SAN FRANCISCO (Reuters) - A blackout scheduled for Wednesday to protest against proposed legislation on online piracy has failed to get the support of the biggest Internet players.
Despite calls for the participation of sites such as Facebook, Twitter and other big names, the biggest participants are the online encyclopedia Wikipedia and the social-news website Reddit.
The situation shows that, while technology companies are concerned about the legislation, the House’s Stop Online Piracy Act SOPA.L and the Senate’s Protect Intellectual Property Act , the companies are not prepared to sacrifice a day’s worth of revenue and risk the ire of users for a protest whose impact on lawmakers is hard to gauge.
Wikipedia and Reddit will black out their pages so visitors will see only information about Stop Online Piracy Act SOPA.L and the Protect Intellectual Property Act .

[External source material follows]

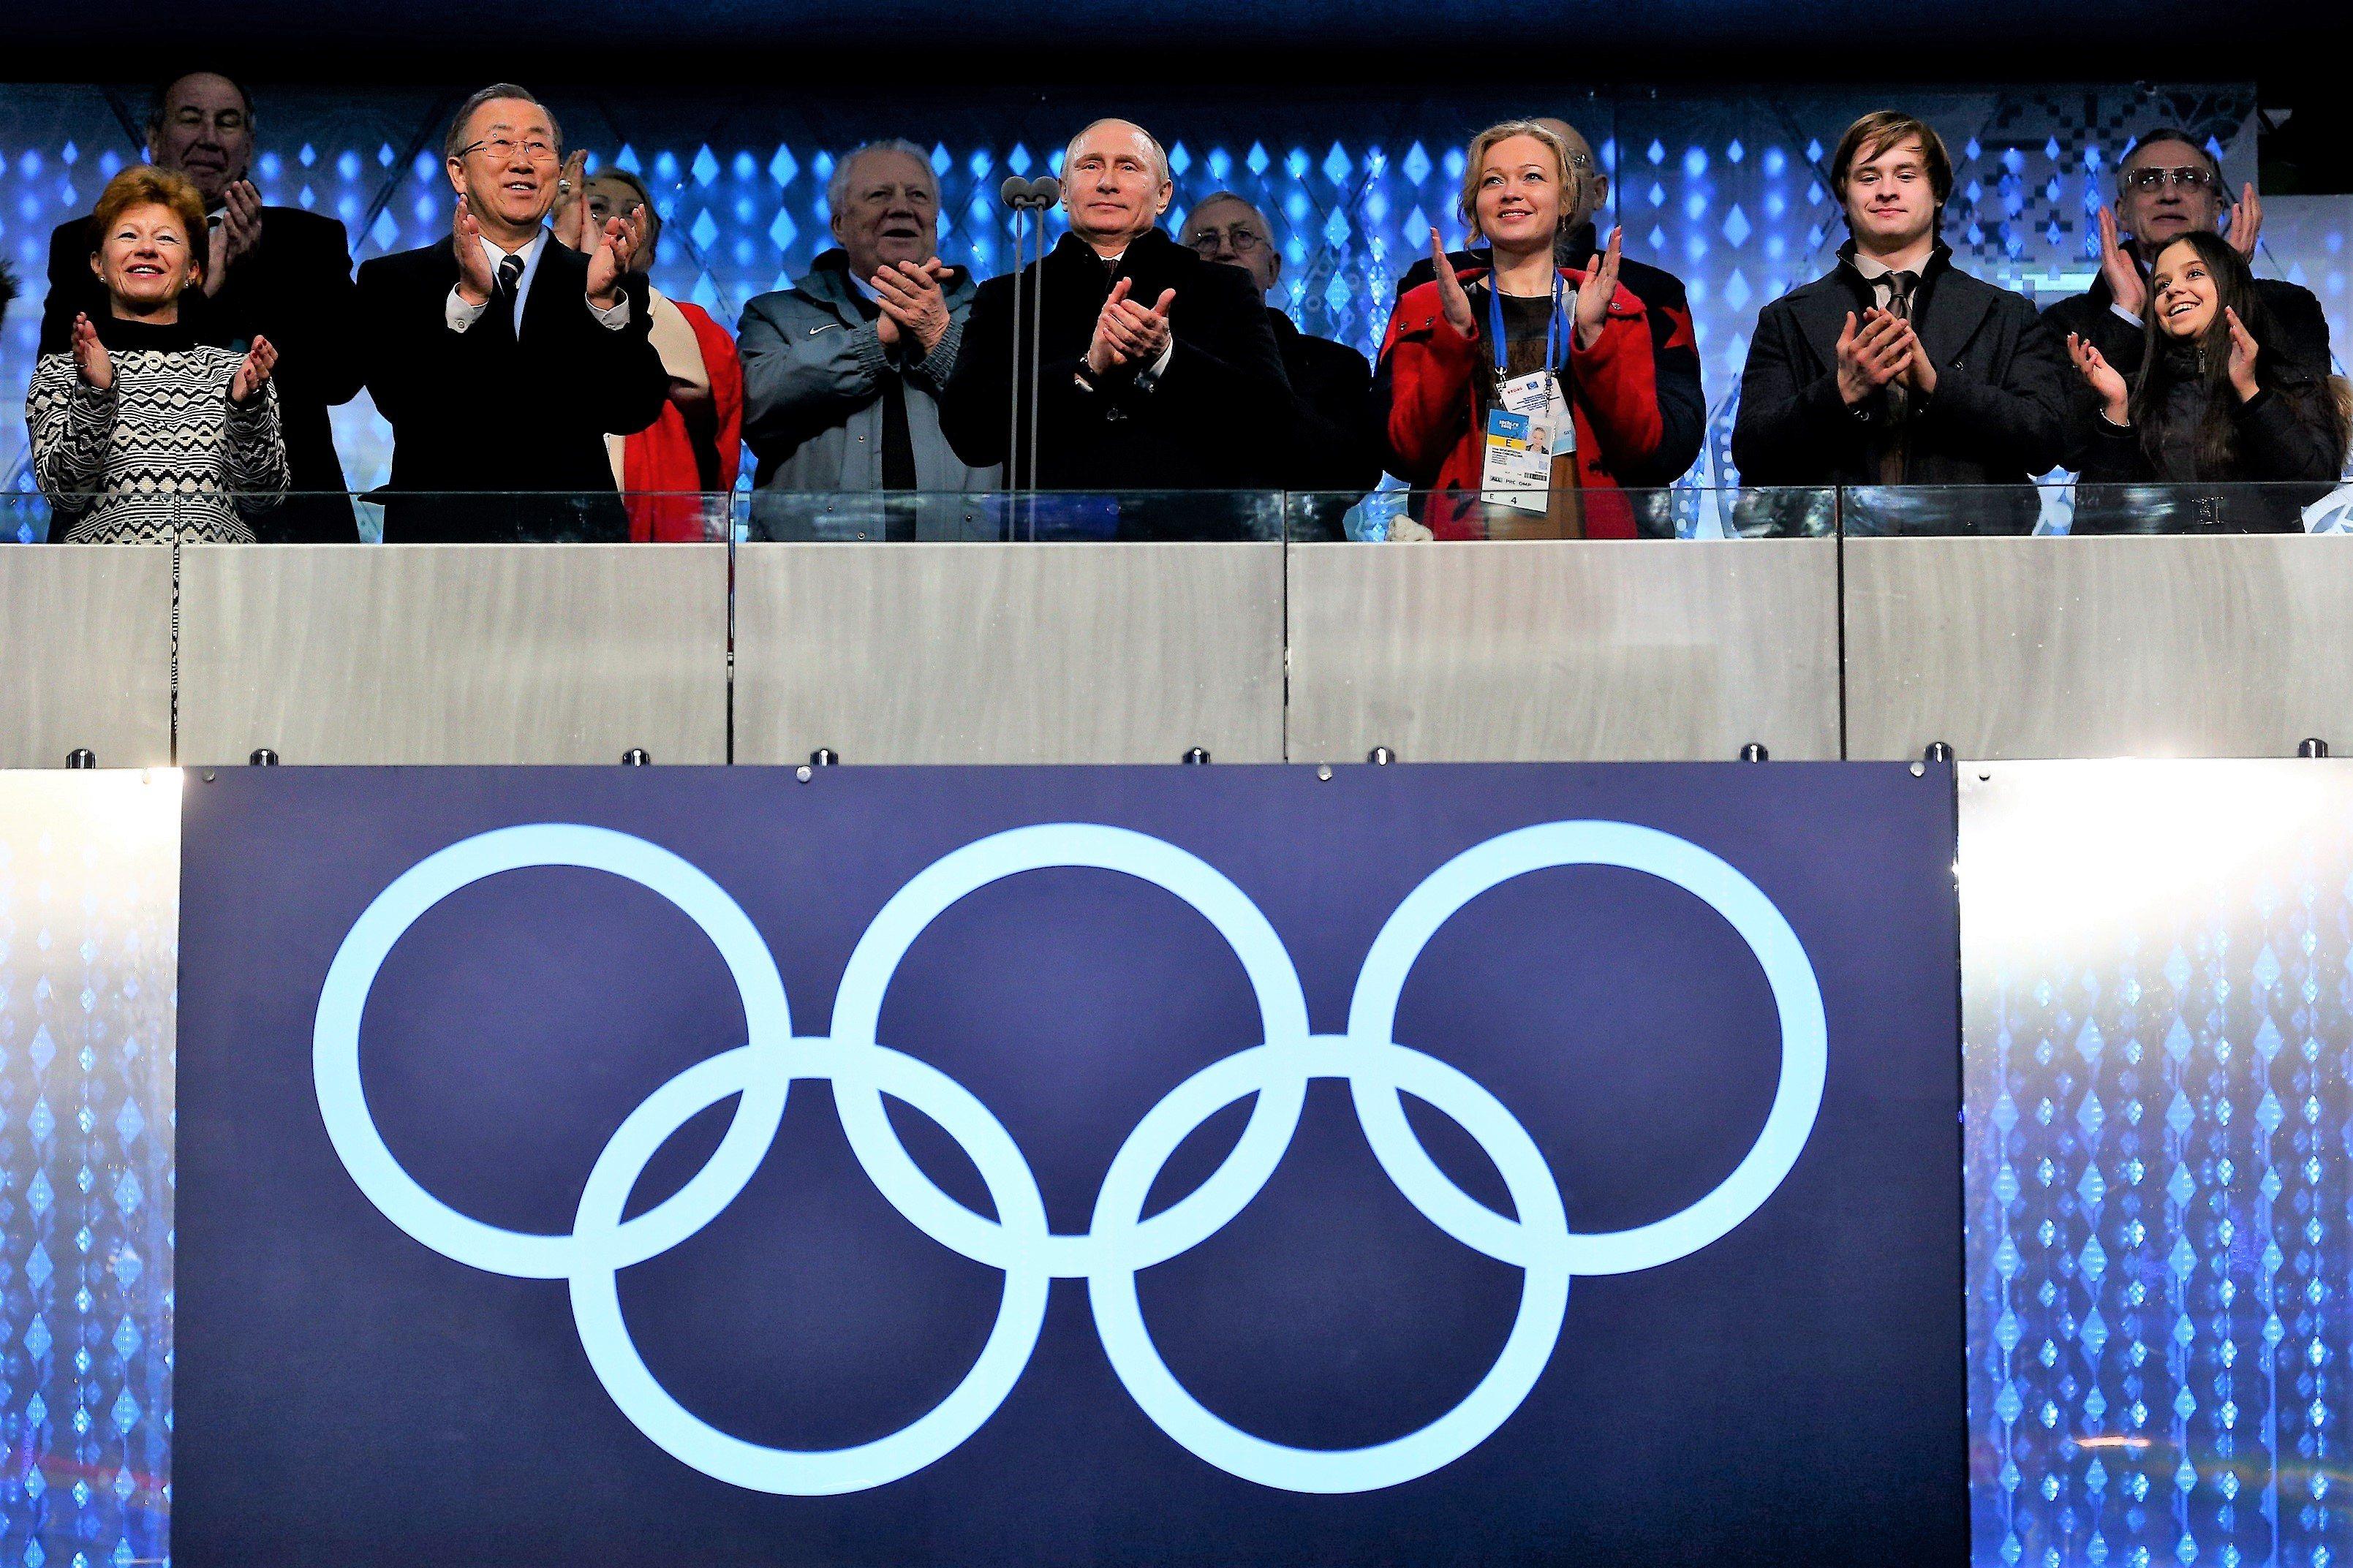 2014 Winter Olympic Games - Sochi, Russia

Of the biggest tech sites that have voiced opposition to the legislation, only Google is planning any type of change to its site tomorrow. It too will have information about the bills, although users will still be able to conduct Google searches.
“Like many businesses, entrepreneurs and Web users, we oppose these bills because there are smart, targeted ways to shut down foreign rogue websites without asking American companies to censor the Internet,” said a Google spokeswoman. “So tomorrow we will be joining many other tech companies to highlight this issue on our US home page.”
That solution allows Google to keep revenue attached to its searches, while still highlighting the issue.
Microblogging service Twitter also declined to participate, with chief executive Dick Costolo taking on critics of the decision on Twitter over the weekend.
“Closing a global business in reaction to single-issue national politics is foolish,” he wrote.
Costolo followed up with a Tweet stating the company will continue to take an active role in opposing the bills.
“Watch this space,” he tweeted.
That position of criticizing the bills, but sitting out the blackout is echoed by many big tech companies, including several who wrote to Congress in November to complain about the legislation, such as AOL Inc AOL.N, eBay Inc (EBAY.O), Mozilla and Zynga Inc (ZNGA.O).
“We are not adjusting the consumer experience on our properties tomorrow, but we will be helping to drive awareness of key issues around these bills to our users,” said Tekedra Mawakana, senior vice president for public policy at AOL.
In November, a number of technology companies wrote to key lawmakers expressing opposition to the bill, including eBay, Facebook, Google, Twitter and Mozilla.
Still, the blackout had signed up thousands of participating sites by late Tuesday and succeeded on at least one level: attracting the attention of lawmakers and industry leaders backing the bills. They were quick to attack it.
“This publicity stunt does a disservice to its users by promoting fear instead of facts,” said Lamar Smith, chairman of the House Judiciary Committee and a sponsor of SOPA. “Perhaps during the blackout, Internet users can look elsewhere for an accurate definition of online piracy.”
Former senator Chris Dodd, who now chairs the Motion Picture Association of America, labelled the blackout a “gimmick” and called for its supporters to “stop the hyperbole and PR stunts and engage in meaningful efforts to combat piracy.”
The legislation, designed to curb access and payments to overseas websites that traffic in stolen content or counterfeit groups, has been a major priority for entertainment companies, publishers, pharmaceutical firms and many industry groups. They maintain the proposed law is critical to curbing online piracy they say costs them billions of dollars a year.
Internet companies have furiously opposed the legislation and have ramped up their lobbying efforts in recent months, arguing it would undermine innovation and free speech rights and compromise the functioning of the Internet.
It was seemingly on the fast track for approval by Congress until the White House criticized aspects of it over the weekend.